About this task: Below are entries with pictures in them. Output exactly the lines starting at the line with "Esqualo Sweater intarsia" and ending at the line with "Falso índigo (Baptisia)", both included, but not the pictures.

Data provided:
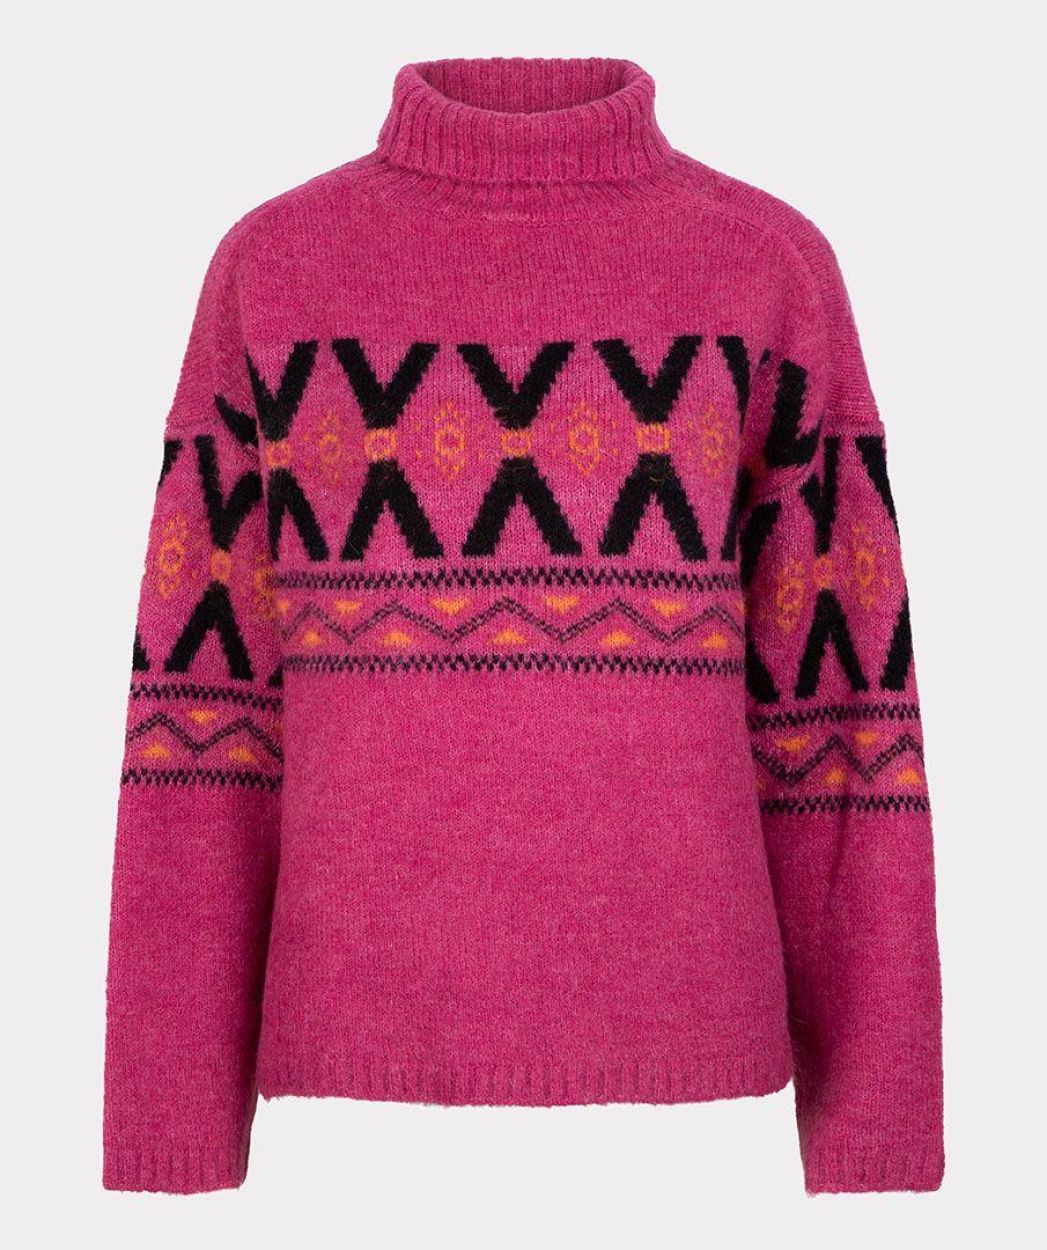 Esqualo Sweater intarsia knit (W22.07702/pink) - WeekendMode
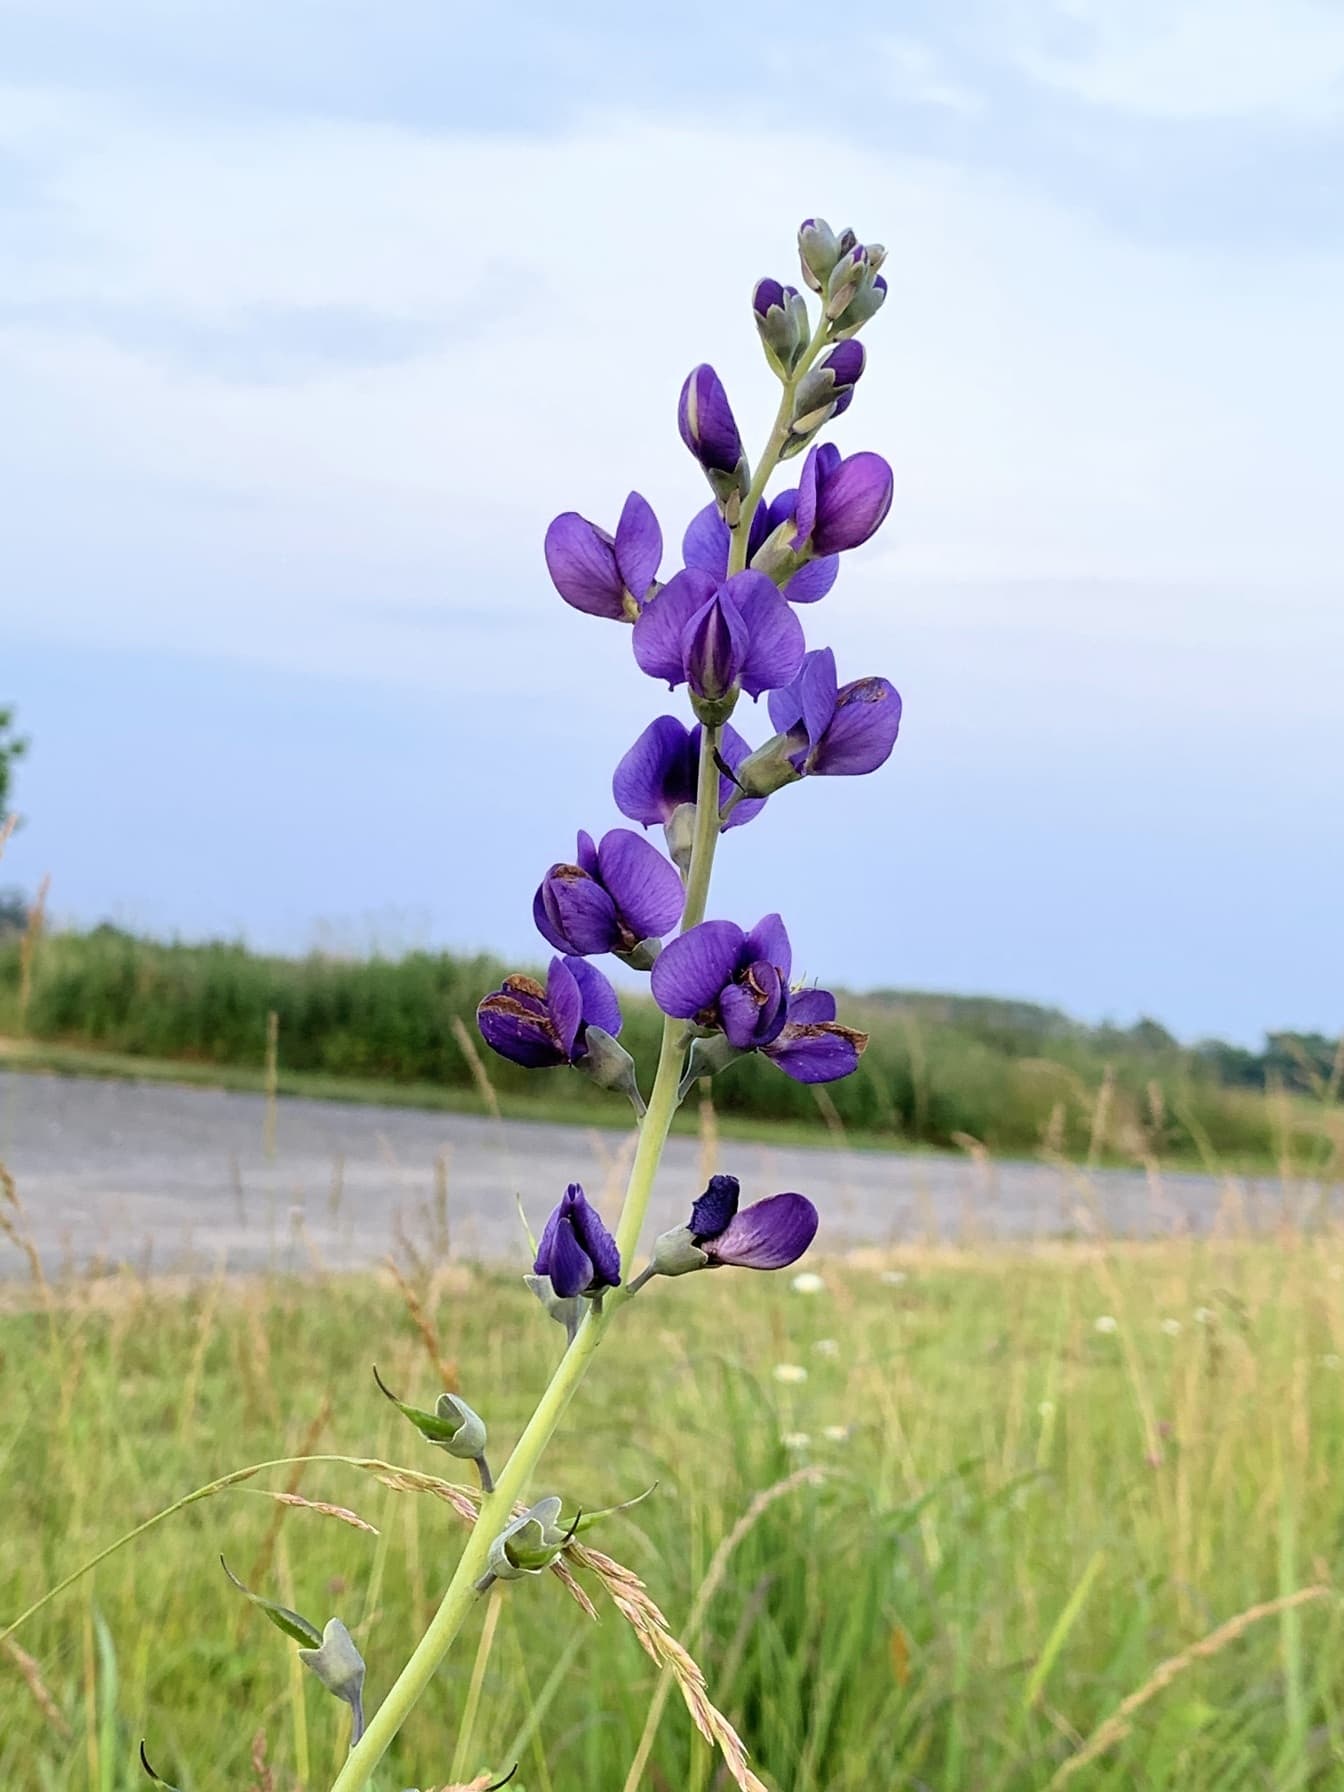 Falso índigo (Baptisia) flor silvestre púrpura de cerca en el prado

==

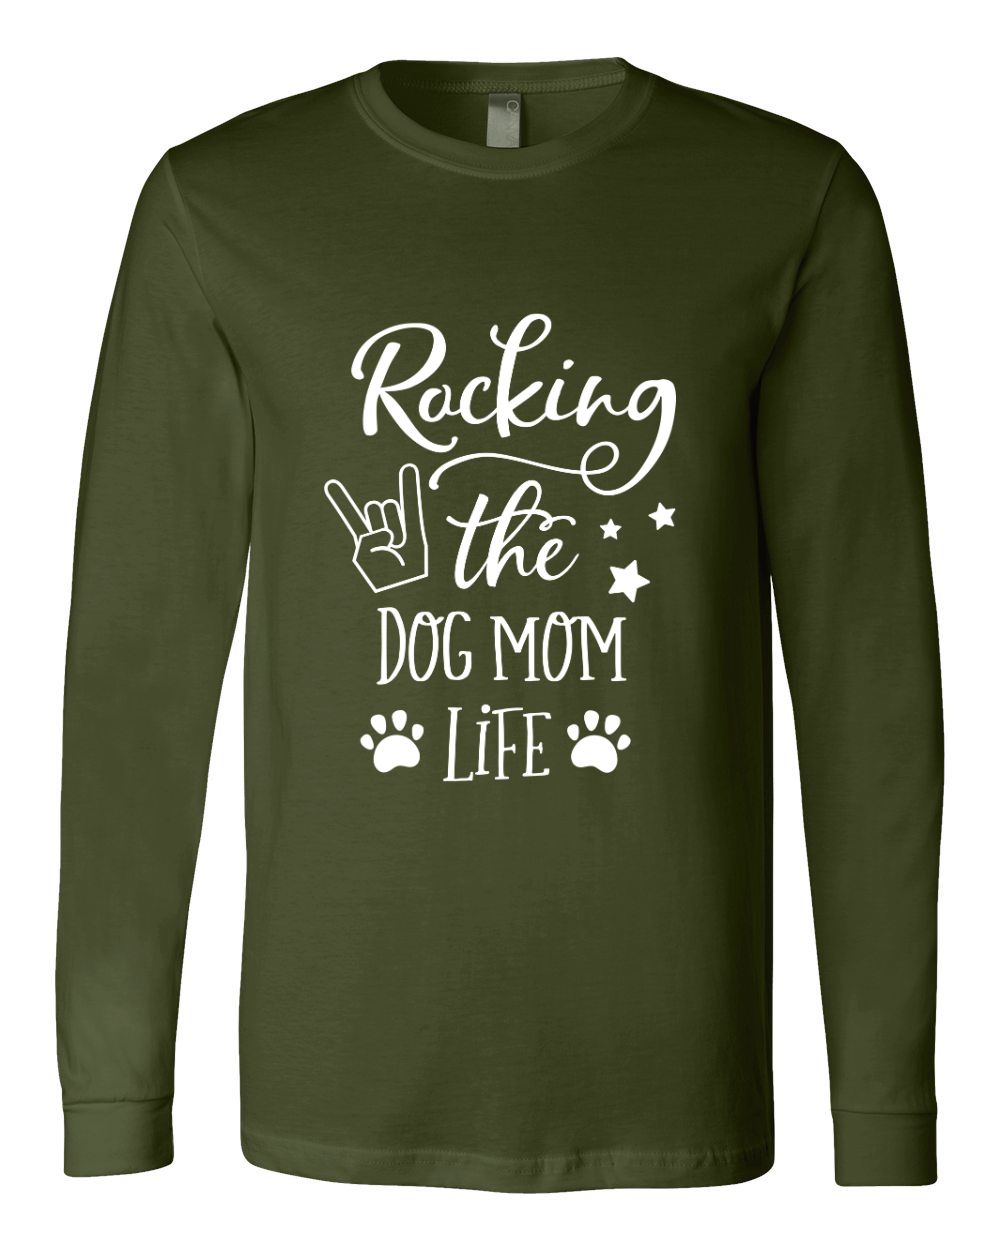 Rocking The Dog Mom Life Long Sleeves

...

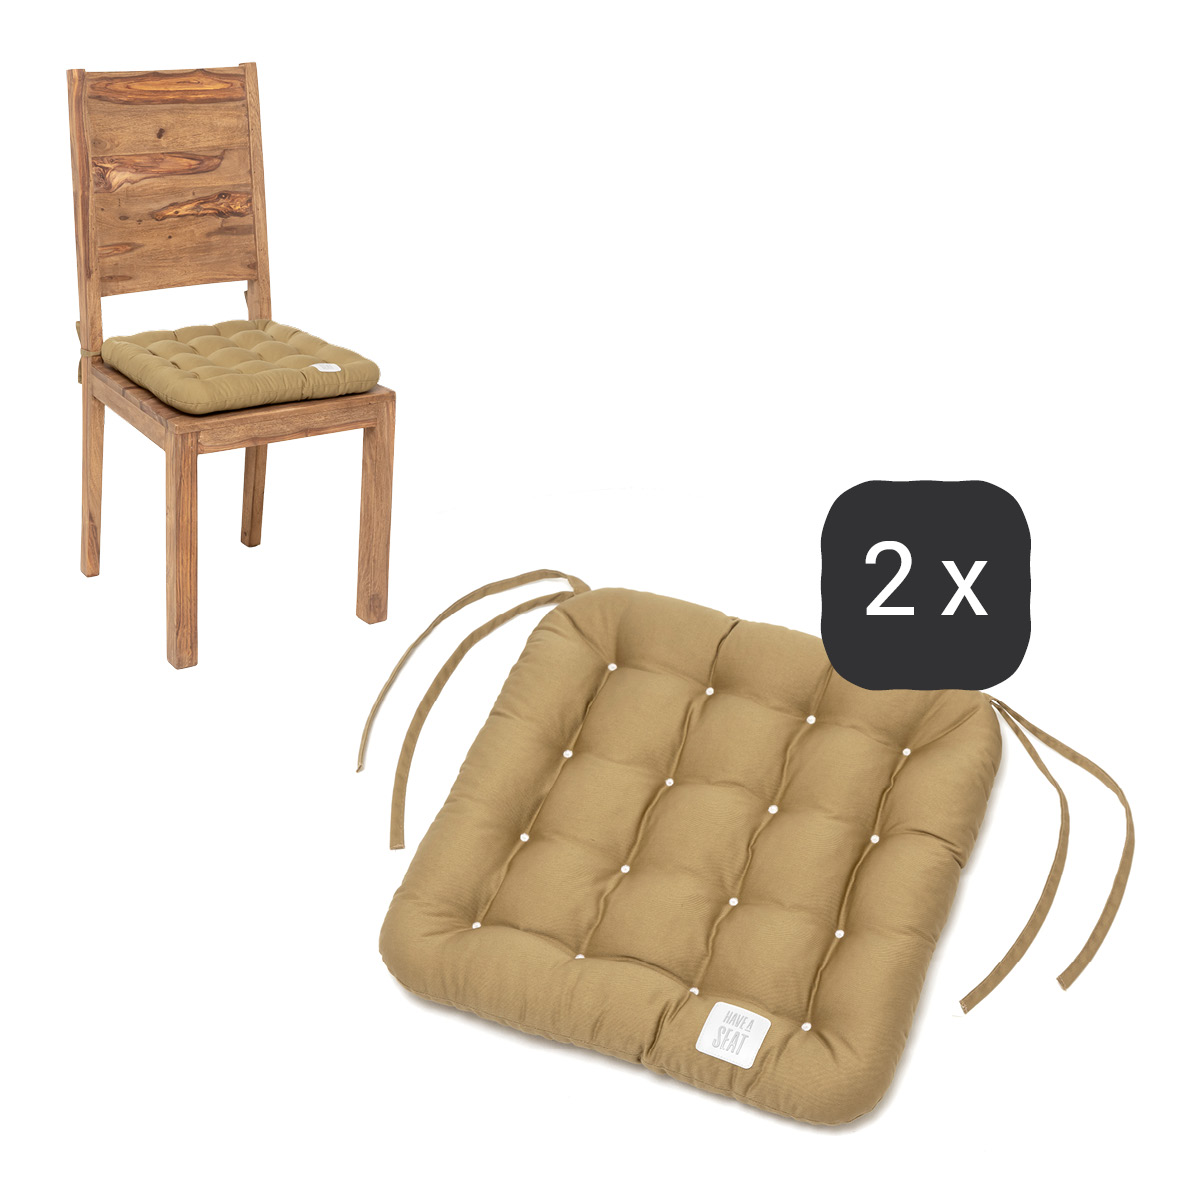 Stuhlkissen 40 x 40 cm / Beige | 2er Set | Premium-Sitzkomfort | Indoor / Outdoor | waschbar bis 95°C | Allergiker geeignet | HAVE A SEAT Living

Answer below:
 Esqualo Sweater intarsia knit (W22.07702/pink) - WeekendMode
 Falso índigo (Baptisia) flor silvestre púrpura de cerca en el prado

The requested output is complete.